Entertainment

Drama review: Homer's Odyssey on Narin strand in Co Donegal

The sea, the sea – actor Niall Cusack performed Homer's The Odyssey barefoot on Narin strand, Portnoo, during Frielfest
The sea, the sea – actor Niall Cusack performed Homer's The Odyssey barefoot on Narin strand, Portnoo, during Frielfest

REVIEW

The Odyssey in Donegal

“YOU coming? They’re doing Brian Friel on the beach.” It’s too good an invitation to refuse. Friday afternoon, the tide is out, even from afar you can hear Jim McGrath on guitar and Annette Durien on violin. The audience, many from Northern Ireland, are gathering in an open-sided tent. The sand is dry and the mood is buoyant.

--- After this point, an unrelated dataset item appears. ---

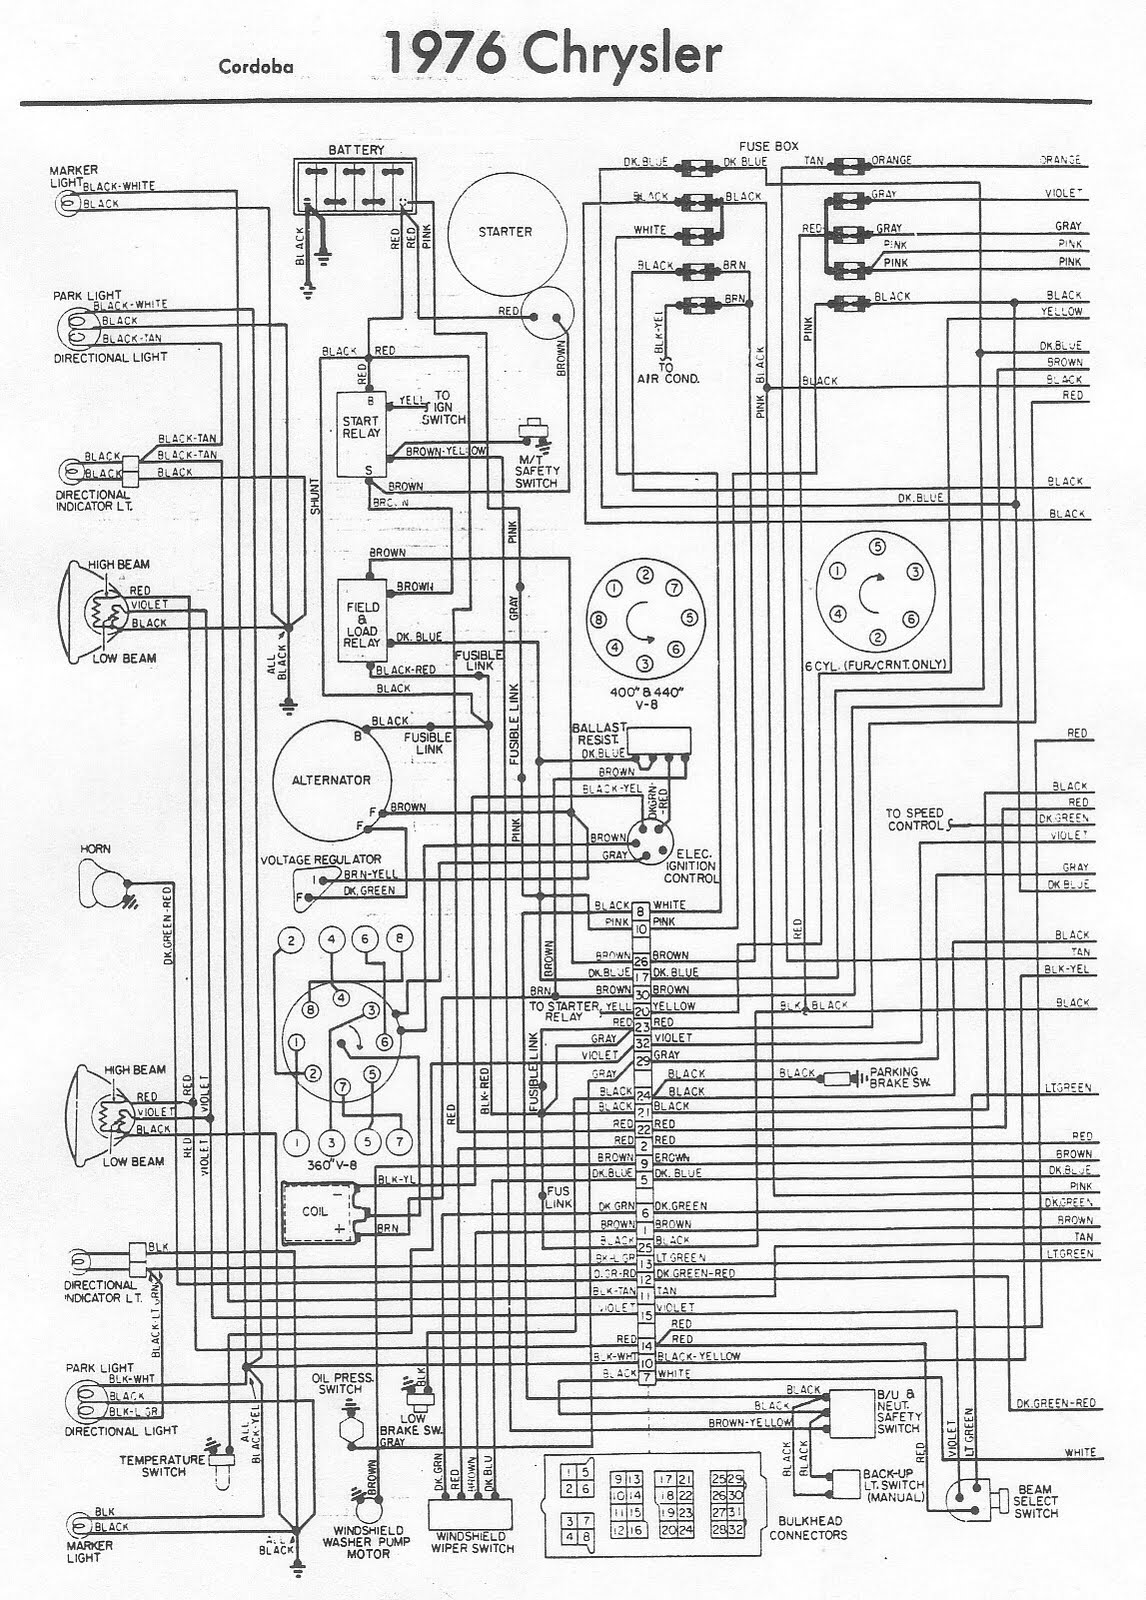 42909x60b wiring diagram

This is Frielfest, part of a festival of works by Irish authors, Beckett in Enniskillen and Friel in Derry and Donegal.

So here we are on Narin Strand in Portnoo, Co Donegal, to hear The Odyssey by Homer. There are 24 books in this ‘epic’, our story comes from Book 9.

We settle, a gentle warm breeze and sunshine. A wide and beautiful beach stretching down to Inniskeel Island, to the wild Atlantic beyond.

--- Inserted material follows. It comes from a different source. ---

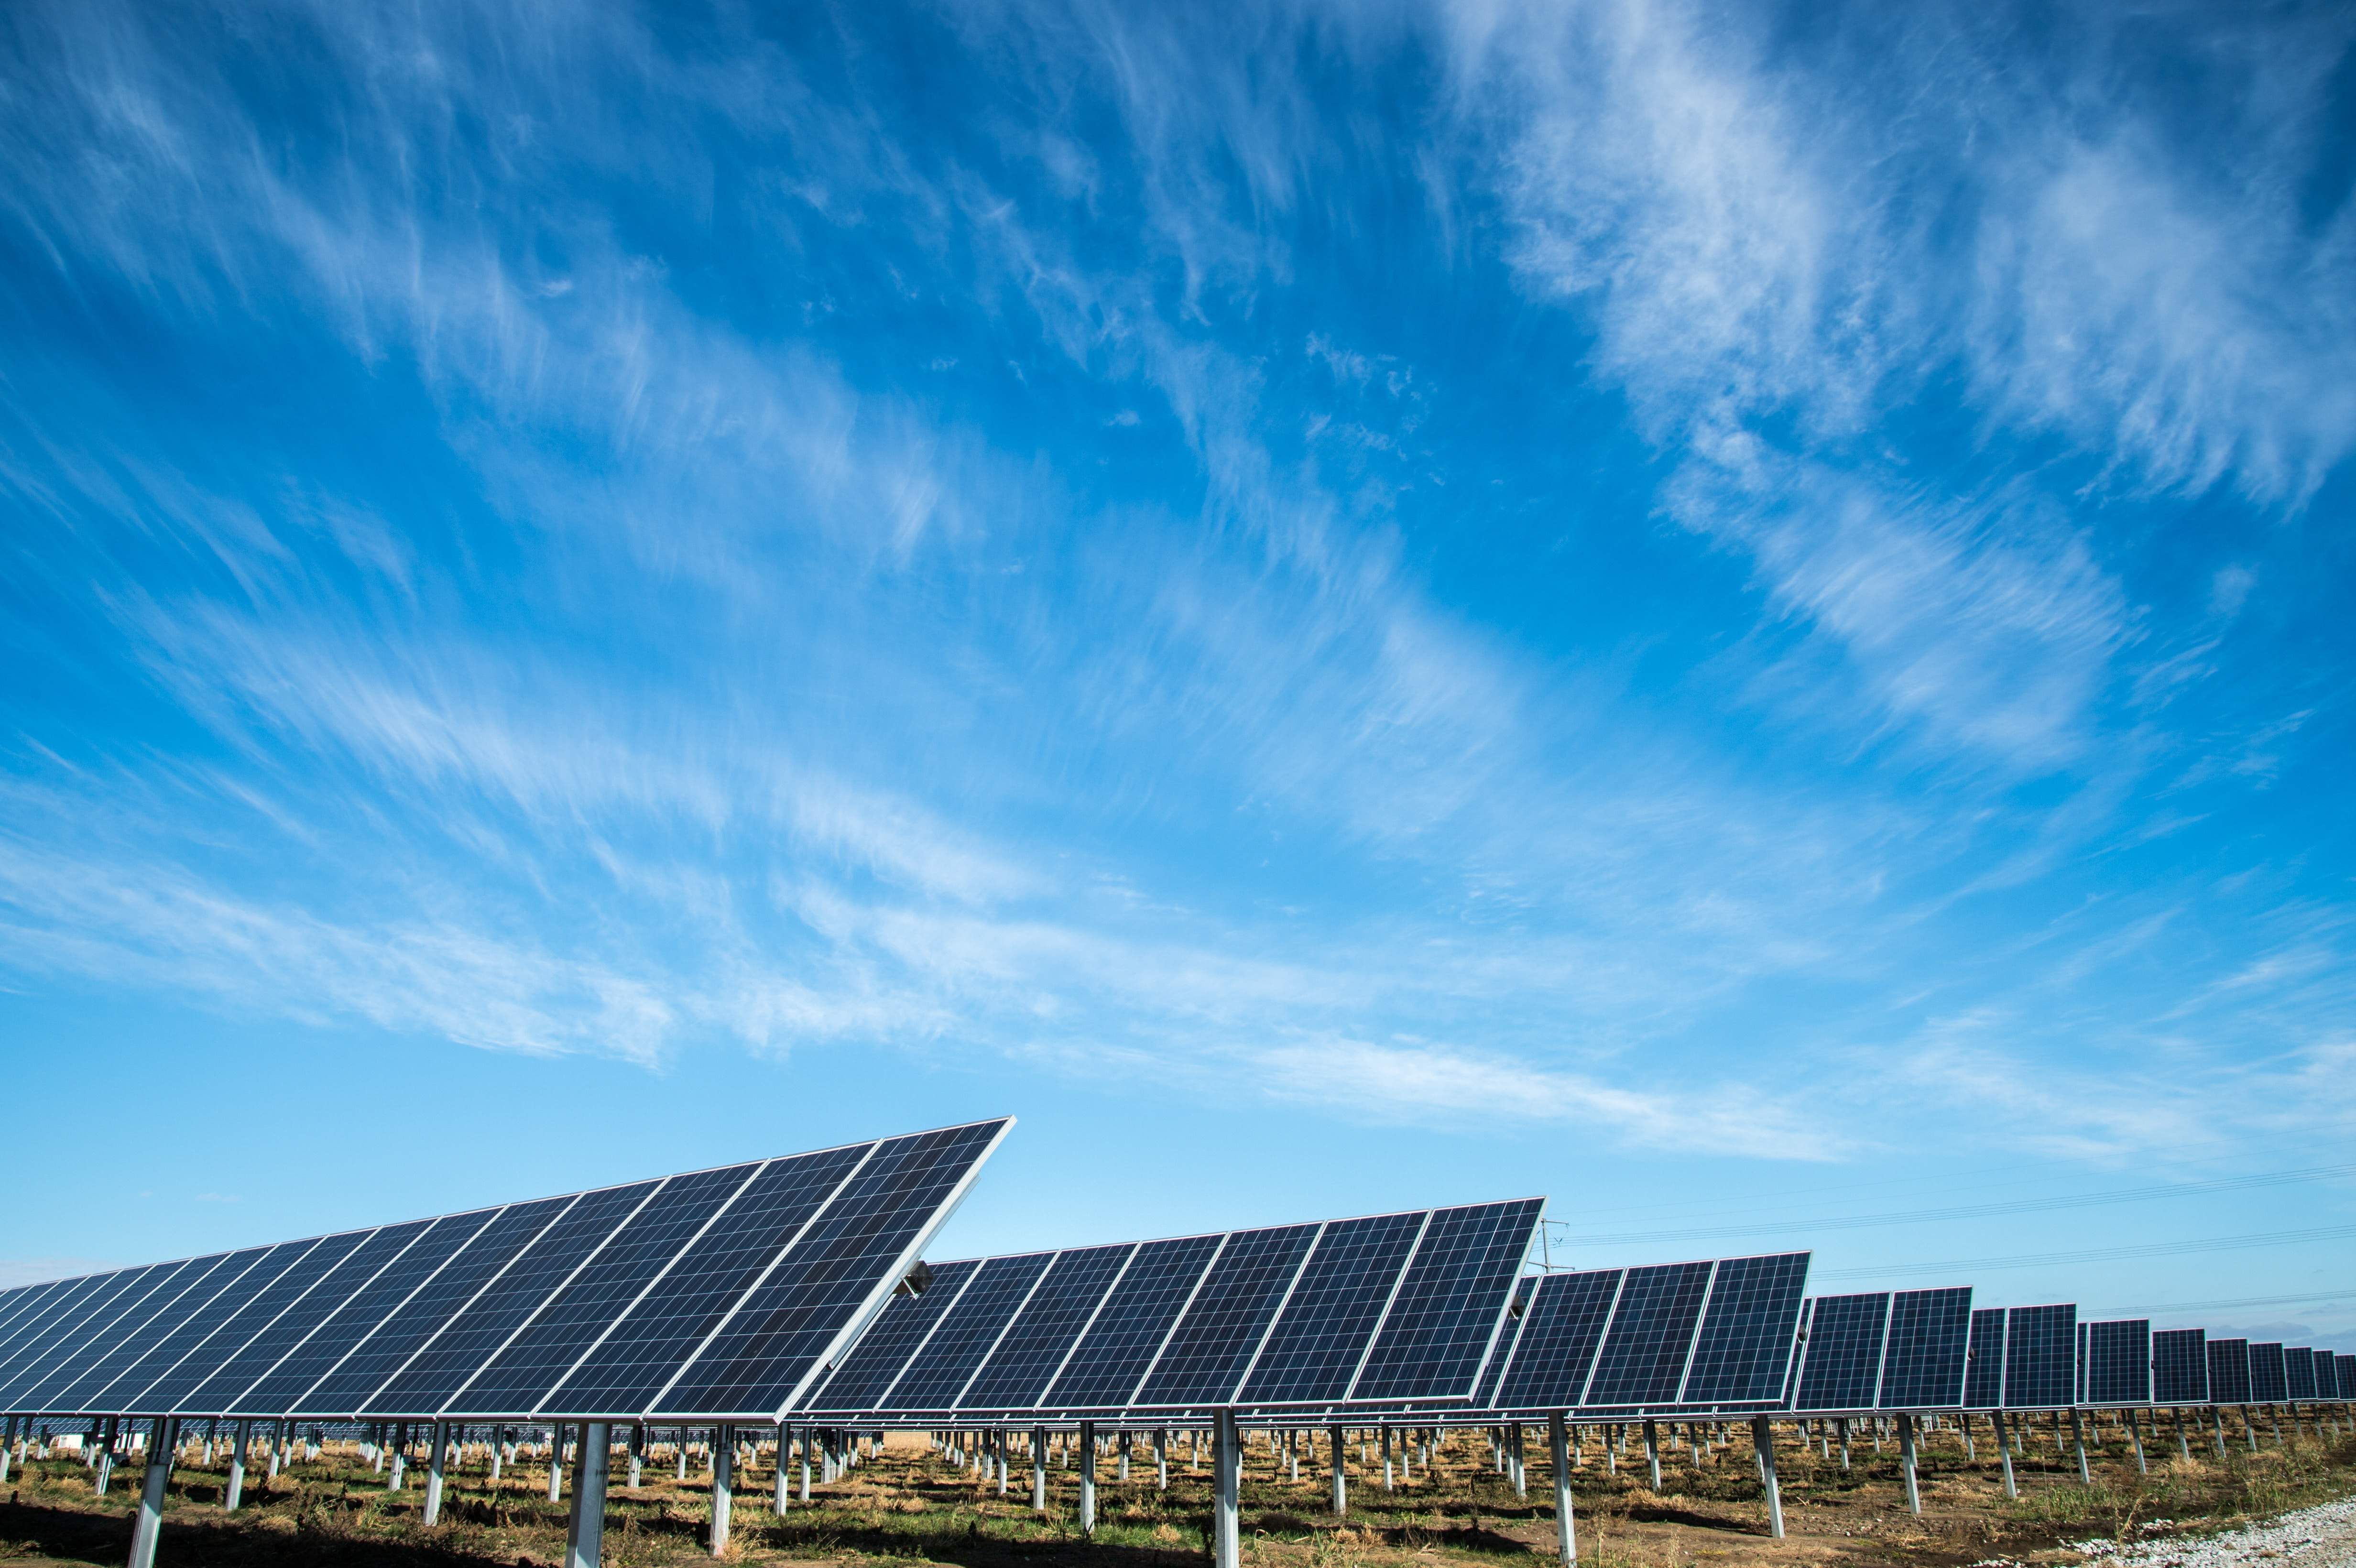 Scatec Solar agrees to build two solar farms in Ukraine

In strides our narrator in purple Roman toga, on his head a laurel wreath in gold. This is actor Niall Cusack who, as usual, performs in his bare feet, a grounded man with a rich, expressive voice. He explains that we are going to hear Homer’s words in an adaptation by Stephen Mitchell, one favoured by Friel because Michell ‘got on with it’.

And so did Cusack. He read the opening in Greek, then in Munster Irish, then in Ulster Irish and then began to read the amazing vivid story of Odysseus and his marauding crew.

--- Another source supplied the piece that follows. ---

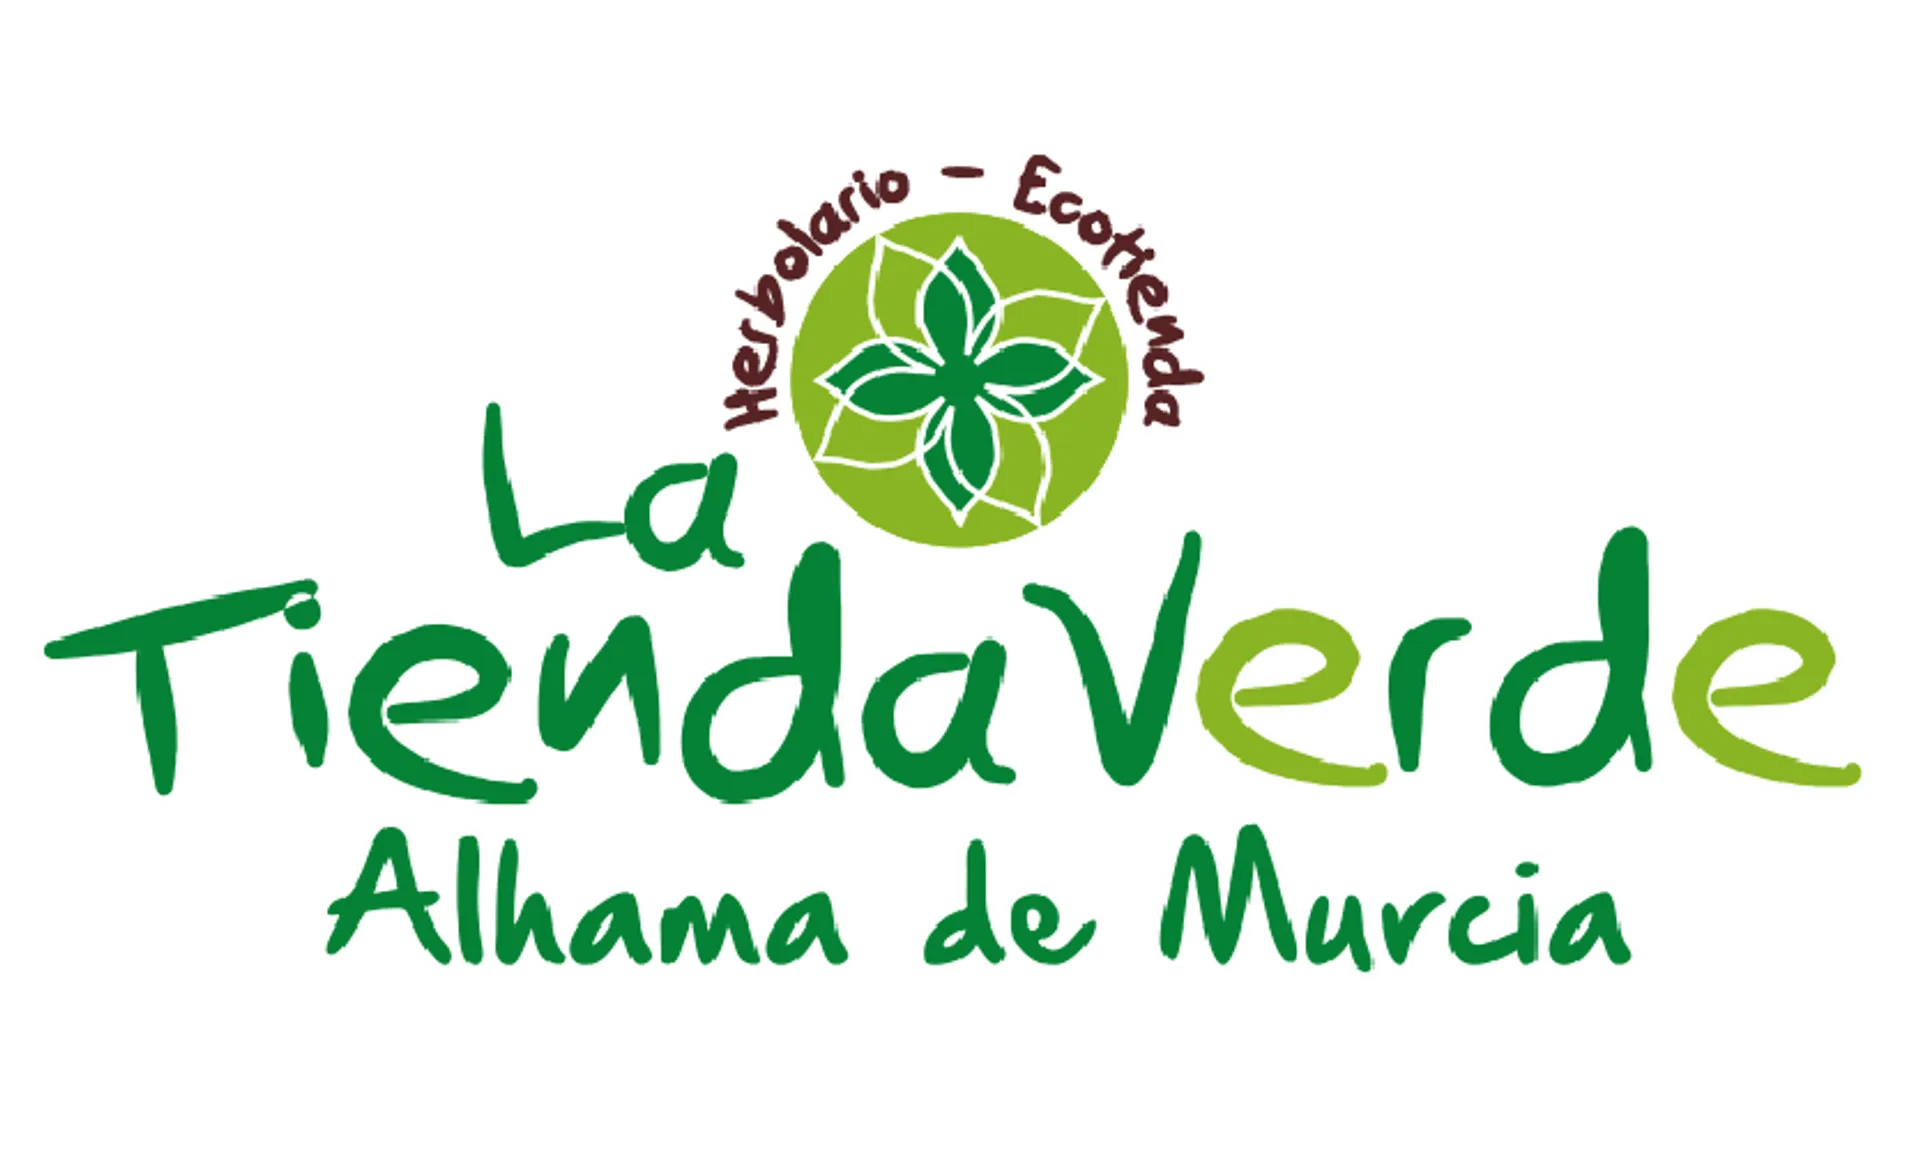 TIENDA VERDE logo

Zeus blows up a storm so the ships are blown from island to island, to the land of seductive Lotus Eaters, eventually ending up beached amidst the Cyclopes, a rough and uncivilised race of one-eyed giants and their gigantic and blood curdling man-eating leader Polyphemus.

In this rehearsed reading, actor Cusack was a delight, his strong powerful voice both storyteller and characters in turn, sending shivers at the fight between Odysseus and Polyphemus.

The Odyssey visited five beaches in Donegal during the run; now it’s the turn of the Fermanagh Beckett Festival which runs until September 3.